= Your assignment =
Your task is to reproduce the listing exactly, without its images.

= Stored data =
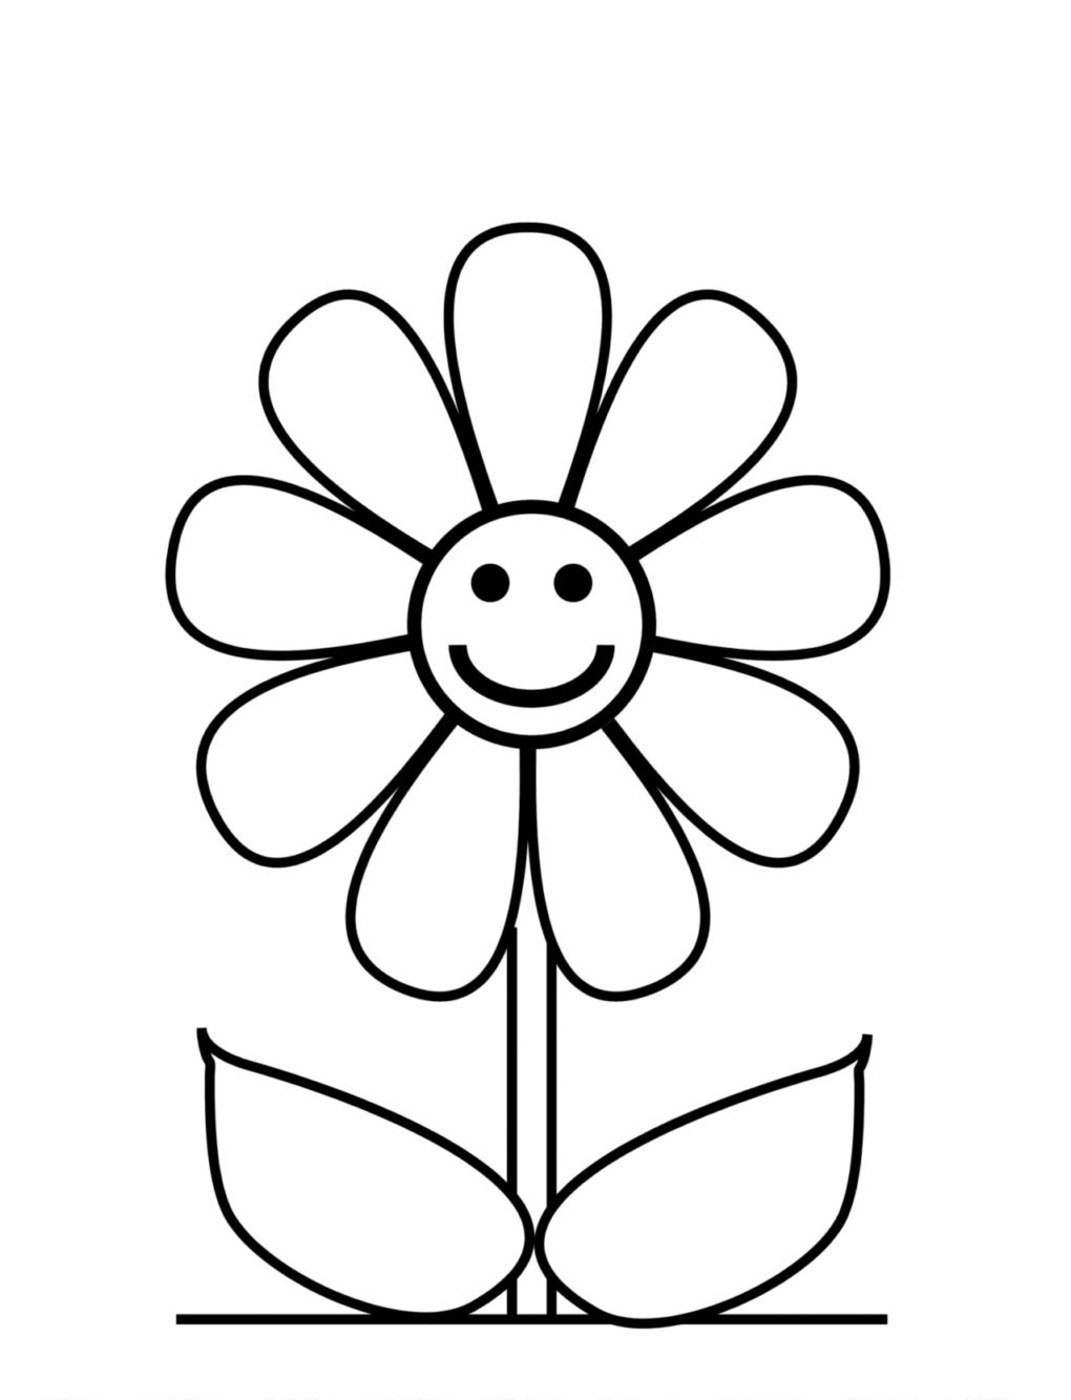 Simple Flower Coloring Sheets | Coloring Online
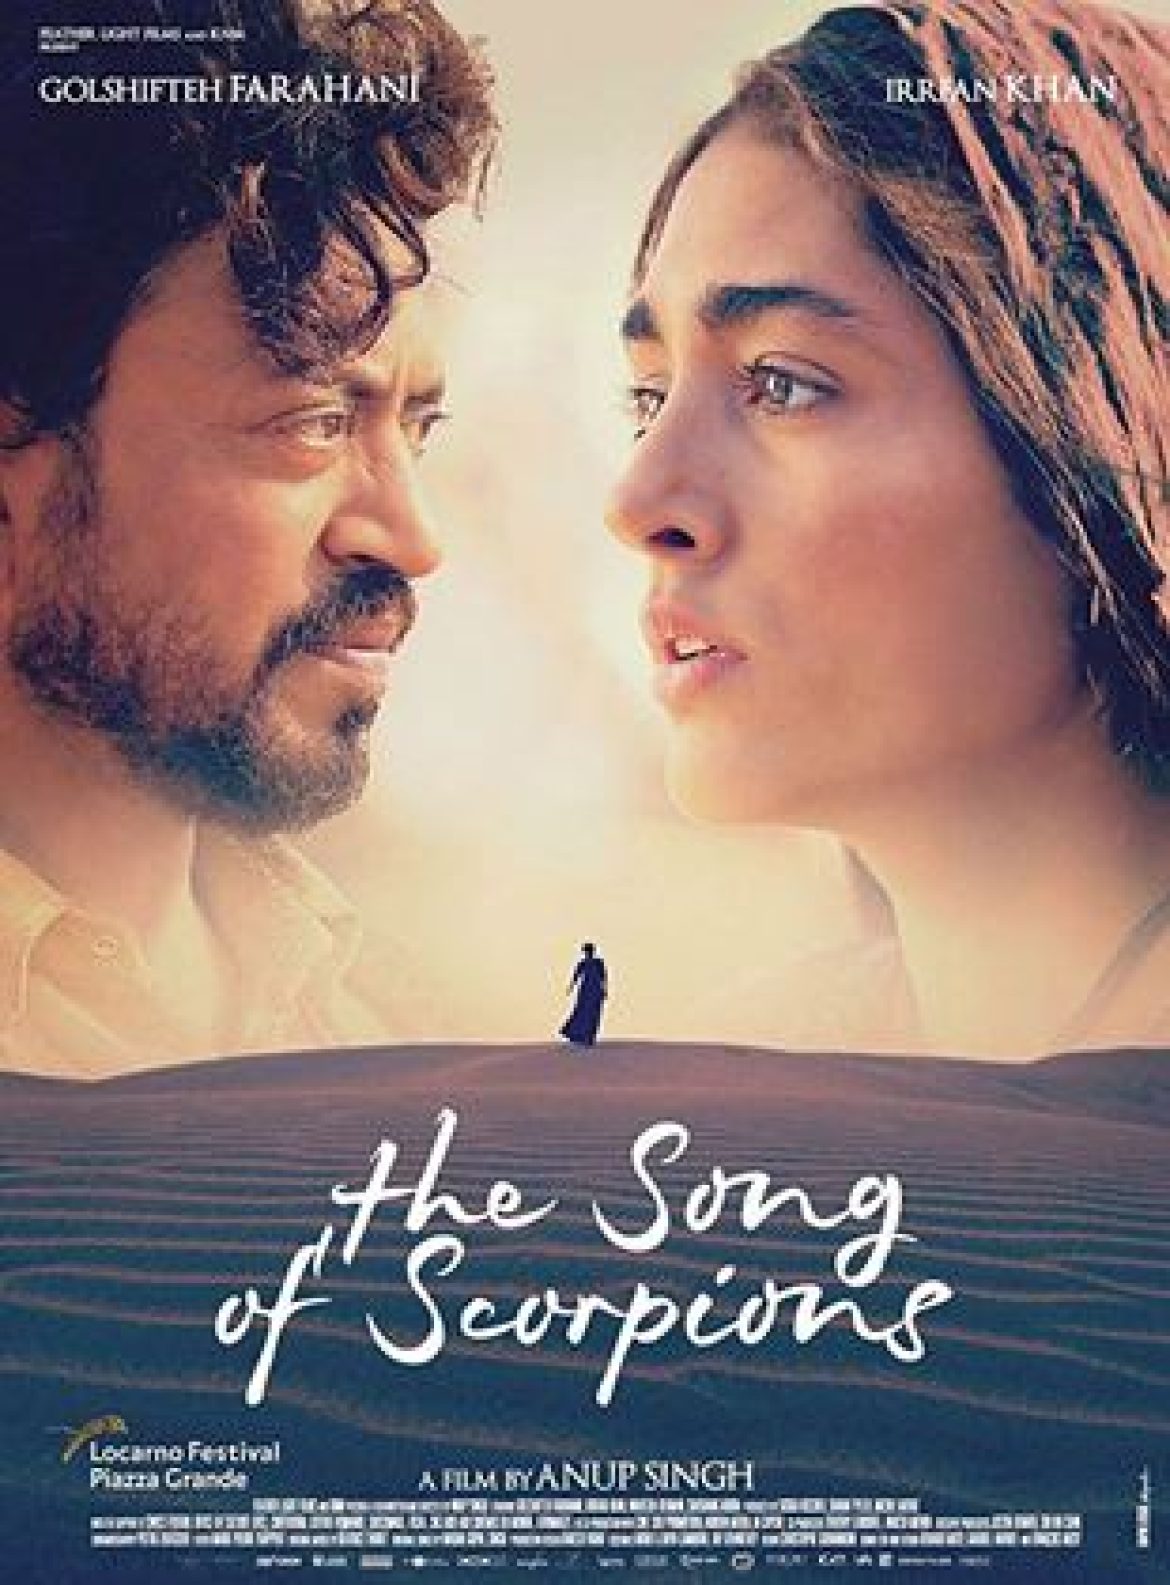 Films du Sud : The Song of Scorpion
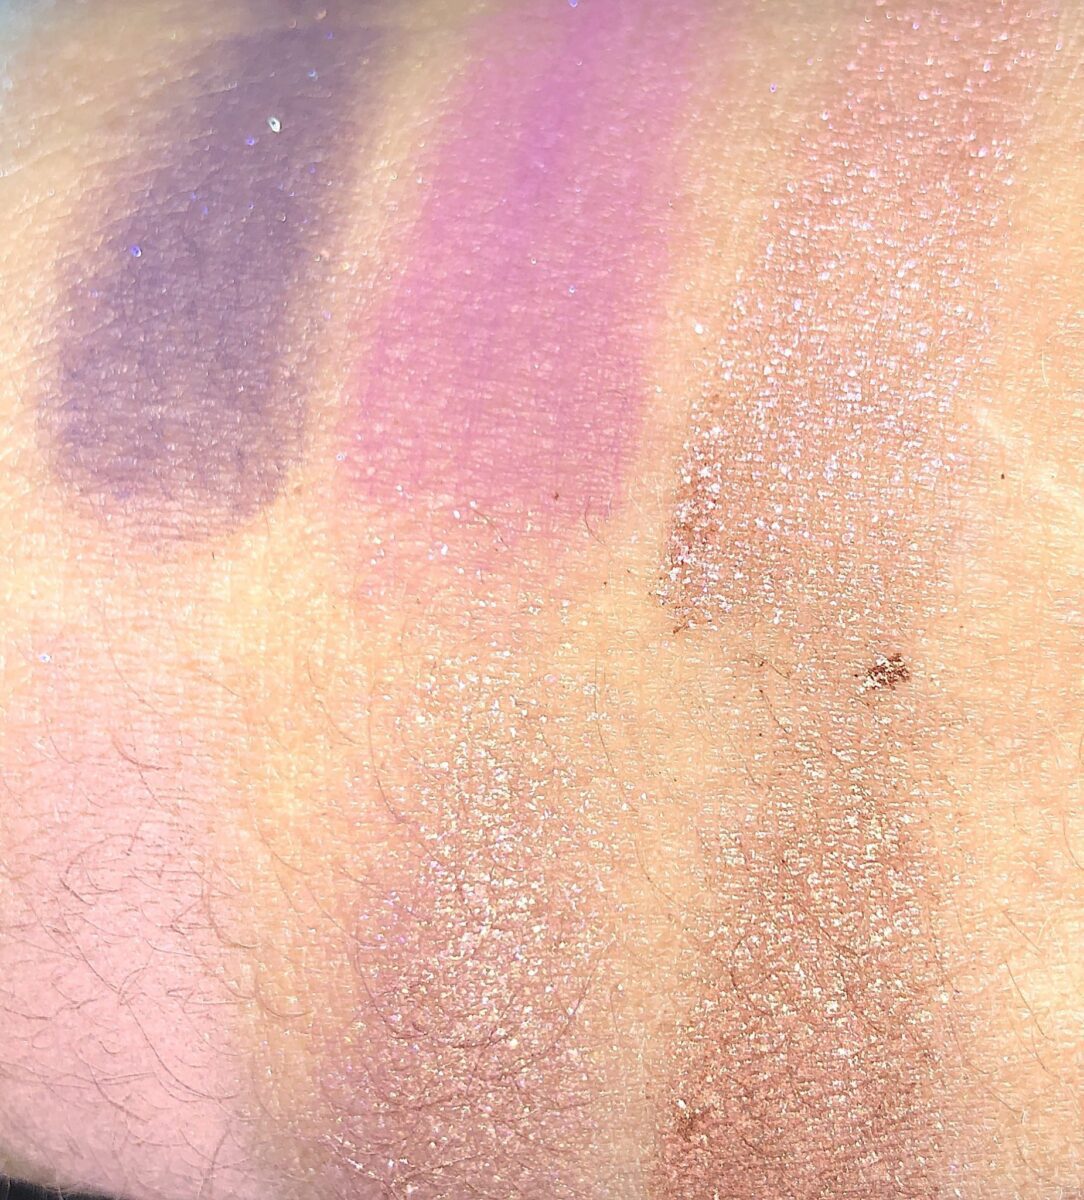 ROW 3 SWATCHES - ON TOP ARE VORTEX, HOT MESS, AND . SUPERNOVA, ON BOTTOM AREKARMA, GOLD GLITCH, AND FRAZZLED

= Response =
 Simple Flower Coloring Sheets | Coloring Online
 Films du Sud : The Song of Scorpion
 ROW 3 SWATCHES - ON TOP ARE VORTEX, HOT MESS, AND . SUPERNOVA, ON BOTTOM AREKARMA, GOLD GLITCH, AND FRAZZLED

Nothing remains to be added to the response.